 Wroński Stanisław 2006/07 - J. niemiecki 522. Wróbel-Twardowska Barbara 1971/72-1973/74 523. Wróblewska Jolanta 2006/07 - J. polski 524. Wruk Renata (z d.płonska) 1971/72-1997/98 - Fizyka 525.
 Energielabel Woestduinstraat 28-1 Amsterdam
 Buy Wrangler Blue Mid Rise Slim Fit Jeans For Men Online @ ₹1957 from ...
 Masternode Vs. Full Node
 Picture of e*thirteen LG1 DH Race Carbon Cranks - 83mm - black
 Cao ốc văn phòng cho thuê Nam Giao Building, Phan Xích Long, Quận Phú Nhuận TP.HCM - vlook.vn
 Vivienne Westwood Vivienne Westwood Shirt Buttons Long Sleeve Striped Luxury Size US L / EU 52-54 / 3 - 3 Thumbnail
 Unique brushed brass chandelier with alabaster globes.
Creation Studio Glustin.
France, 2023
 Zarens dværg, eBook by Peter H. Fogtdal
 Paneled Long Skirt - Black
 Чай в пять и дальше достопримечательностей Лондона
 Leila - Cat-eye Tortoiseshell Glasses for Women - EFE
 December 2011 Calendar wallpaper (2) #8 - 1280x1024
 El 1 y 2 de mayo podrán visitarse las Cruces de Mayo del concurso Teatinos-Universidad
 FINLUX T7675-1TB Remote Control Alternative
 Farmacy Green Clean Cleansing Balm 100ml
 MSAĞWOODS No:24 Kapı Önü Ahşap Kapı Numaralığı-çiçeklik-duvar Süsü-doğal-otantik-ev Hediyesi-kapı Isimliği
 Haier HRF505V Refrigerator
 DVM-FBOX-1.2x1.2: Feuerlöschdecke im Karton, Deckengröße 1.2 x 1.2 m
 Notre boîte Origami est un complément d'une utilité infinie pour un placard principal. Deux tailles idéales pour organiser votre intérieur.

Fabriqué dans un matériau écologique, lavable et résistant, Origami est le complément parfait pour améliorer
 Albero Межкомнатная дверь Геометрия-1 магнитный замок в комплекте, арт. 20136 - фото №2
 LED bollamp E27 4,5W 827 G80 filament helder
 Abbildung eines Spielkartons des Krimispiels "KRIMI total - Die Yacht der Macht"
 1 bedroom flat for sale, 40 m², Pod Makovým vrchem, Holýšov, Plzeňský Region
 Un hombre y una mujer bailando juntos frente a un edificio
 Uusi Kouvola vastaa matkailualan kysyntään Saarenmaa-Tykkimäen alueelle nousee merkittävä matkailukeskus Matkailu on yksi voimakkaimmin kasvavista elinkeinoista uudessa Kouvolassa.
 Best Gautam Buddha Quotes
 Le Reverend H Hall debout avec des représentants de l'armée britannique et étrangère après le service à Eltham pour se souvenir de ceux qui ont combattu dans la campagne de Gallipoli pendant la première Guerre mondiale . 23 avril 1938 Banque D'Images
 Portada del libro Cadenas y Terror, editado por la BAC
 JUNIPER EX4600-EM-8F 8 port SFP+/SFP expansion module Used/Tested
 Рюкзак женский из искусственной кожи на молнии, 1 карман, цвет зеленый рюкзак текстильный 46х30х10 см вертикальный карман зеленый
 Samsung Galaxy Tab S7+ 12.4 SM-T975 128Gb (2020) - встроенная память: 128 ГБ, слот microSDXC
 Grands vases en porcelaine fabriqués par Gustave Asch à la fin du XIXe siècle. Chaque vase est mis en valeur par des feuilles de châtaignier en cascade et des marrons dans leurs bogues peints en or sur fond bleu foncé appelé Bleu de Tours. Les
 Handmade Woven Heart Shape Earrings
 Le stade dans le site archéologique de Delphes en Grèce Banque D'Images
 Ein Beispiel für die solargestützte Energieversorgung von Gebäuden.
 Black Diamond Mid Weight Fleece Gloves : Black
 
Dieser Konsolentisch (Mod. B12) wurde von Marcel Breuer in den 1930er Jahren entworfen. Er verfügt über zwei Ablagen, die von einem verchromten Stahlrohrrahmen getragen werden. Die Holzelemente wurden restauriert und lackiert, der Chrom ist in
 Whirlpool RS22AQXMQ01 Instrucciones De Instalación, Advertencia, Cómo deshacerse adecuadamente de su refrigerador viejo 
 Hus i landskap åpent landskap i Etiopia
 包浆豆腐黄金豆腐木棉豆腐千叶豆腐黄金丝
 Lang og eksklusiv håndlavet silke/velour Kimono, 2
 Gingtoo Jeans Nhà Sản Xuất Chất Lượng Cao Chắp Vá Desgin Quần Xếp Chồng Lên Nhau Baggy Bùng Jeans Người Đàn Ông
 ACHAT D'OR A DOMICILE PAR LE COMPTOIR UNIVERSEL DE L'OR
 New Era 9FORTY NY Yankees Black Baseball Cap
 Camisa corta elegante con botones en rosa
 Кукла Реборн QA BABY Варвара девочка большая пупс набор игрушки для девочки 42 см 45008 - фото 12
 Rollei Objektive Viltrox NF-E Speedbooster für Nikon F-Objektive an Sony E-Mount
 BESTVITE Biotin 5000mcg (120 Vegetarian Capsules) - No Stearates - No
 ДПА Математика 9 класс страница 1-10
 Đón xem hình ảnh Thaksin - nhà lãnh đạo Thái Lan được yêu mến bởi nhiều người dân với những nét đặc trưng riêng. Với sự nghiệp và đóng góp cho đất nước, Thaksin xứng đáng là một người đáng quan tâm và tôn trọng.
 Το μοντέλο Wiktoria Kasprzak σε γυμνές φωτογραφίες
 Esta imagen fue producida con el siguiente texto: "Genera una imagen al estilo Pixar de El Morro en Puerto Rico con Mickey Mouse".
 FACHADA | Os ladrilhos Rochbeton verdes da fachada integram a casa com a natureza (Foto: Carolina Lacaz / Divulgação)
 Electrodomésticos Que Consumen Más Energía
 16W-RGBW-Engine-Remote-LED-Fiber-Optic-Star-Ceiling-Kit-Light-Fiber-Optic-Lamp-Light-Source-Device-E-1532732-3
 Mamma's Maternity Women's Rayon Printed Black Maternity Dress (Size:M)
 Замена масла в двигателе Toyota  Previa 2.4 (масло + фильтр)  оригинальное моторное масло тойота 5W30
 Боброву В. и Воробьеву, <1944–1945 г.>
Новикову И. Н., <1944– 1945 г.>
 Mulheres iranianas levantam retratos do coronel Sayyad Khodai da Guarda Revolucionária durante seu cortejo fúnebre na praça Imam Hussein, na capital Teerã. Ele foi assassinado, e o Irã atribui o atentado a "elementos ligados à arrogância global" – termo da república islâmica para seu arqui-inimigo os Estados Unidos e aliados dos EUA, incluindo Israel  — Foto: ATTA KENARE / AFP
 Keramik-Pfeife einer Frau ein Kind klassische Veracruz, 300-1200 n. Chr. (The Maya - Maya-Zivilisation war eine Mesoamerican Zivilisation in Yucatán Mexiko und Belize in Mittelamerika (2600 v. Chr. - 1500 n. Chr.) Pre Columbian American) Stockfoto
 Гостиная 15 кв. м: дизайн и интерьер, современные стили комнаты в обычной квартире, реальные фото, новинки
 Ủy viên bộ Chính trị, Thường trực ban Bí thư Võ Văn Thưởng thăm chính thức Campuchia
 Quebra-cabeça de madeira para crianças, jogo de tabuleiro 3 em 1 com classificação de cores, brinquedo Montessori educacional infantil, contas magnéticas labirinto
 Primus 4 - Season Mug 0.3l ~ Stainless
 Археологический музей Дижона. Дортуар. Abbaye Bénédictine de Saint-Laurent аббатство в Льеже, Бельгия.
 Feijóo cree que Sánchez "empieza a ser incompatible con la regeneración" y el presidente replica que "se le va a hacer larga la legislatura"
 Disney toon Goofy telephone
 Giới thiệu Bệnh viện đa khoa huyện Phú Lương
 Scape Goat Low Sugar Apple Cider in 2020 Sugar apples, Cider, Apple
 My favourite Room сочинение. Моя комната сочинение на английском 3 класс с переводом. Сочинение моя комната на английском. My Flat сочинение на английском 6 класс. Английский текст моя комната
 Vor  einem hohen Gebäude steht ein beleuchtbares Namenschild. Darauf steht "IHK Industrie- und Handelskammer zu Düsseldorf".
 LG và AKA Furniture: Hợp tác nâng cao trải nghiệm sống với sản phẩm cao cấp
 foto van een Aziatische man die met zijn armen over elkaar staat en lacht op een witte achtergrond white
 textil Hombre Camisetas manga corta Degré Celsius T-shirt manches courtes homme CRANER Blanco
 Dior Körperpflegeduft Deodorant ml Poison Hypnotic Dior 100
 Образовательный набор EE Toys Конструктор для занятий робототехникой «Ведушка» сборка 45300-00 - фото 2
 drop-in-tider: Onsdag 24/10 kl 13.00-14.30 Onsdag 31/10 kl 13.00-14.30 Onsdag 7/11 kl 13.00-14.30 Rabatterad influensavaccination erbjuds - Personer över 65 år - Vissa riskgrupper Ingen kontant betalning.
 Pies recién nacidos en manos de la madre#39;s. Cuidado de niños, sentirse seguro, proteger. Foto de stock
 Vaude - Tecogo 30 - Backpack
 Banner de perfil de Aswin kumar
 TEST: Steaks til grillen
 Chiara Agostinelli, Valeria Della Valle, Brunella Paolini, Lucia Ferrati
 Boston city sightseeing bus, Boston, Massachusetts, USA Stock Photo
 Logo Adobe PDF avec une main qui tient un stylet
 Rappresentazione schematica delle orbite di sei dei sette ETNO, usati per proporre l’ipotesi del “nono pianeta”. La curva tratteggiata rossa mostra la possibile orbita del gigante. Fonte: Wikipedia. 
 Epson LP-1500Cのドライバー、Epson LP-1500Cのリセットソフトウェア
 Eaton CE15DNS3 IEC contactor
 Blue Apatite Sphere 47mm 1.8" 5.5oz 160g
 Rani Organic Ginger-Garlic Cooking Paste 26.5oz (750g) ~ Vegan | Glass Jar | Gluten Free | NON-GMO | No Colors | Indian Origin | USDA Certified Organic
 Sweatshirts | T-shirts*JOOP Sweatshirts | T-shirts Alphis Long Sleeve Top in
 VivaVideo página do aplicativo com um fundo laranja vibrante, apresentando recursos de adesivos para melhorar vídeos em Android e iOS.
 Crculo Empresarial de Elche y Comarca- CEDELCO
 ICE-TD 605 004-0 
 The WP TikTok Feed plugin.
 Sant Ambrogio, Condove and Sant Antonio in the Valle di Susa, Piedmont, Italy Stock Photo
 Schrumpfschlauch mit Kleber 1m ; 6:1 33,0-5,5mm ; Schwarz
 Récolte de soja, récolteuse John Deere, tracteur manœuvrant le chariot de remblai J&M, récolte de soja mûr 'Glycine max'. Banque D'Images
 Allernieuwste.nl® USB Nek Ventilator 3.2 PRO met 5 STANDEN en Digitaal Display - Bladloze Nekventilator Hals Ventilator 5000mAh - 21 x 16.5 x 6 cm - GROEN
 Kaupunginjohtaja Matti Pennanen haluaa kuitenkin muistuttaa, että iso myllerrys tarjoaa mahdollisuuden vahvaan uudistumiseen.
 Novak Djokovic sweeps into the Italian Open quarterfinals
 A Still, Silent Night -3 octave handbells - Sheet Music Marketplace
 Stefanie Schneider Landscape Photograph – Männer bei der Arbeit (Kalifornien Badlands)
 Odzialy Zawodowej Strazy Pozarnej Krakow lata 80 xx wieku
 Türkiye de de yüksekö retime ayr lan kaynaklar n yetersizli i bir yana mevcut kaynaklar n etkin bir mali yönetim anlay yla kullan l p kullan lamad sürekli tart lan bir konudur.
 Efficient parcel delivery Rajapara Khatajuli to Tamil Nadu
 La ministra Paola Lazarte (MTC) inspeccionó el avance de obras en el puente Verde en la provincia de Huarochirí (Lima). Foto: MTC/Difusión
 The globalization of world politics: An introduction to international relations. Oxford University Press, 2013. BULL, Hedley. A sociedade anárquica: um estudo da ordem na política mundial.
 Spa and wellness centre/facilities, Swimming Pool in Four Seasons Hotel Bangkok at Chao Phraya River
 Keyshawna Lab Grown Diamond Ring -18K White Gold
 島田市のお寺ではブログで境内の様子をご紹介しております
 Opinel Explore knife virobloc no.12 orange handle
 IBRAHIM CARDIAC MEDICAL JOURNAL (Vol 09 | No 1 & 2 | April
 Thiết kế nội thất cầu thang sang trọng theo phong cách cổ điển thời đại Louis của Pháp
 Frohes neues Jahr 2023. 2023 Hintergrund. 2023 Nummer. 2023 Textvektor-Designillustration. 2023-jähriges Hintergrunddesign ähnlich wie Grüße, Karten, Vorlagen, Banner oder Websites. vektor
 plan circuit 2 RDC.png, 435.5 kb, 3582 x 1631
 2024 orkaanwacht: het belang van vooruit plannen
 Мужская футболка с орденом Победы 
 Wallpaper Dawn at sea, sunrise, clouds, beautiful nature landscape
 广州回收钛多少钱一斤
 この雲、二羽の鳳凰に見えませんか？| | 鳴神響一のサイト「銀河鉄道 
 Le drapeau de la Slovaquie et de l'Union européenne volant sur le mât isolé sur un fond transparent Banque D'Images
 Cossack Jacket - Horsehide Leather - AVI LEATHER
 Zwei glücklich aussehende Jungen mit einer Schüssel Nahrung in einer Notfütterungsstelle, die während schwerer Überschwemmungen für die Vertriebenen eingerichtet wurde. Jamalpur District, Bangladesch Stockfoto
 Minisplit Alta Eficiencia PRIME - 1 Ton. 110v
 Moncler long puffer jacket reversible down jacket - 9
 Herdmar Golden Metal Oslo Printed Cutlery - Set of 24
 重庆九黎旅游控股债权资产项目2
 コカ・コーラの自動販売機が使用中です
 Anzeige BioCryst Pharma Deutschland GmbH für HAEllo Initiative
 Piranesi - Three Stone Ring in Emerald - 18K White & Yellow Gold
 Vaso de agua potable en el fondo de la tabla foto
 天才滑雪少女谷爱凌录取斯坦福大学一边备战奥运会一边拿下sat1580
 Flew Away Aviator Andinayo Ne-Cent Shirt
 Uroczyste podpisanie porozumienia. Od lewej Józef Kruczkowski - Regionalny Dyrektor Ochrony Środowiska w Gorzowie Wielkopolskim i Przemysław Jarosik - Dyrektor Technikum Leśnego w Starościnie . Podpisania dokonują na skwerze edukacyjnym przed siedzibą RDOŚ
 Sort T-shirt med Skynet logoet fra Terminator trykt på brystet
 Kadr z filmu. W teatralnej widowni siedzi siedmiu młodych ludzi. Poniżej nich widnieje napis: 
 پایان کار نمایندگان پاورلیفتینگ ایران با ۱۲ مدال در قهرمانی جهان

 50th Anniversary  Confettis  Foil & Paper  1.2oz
········
Work required: Search the material above for the word "Diamond", and return each line that holds it.

Reply:
 Black Diamond Mid Weight Fleece Gloves : Black
 Keyshawna Lab Grown Diamond Ring -18K White Gold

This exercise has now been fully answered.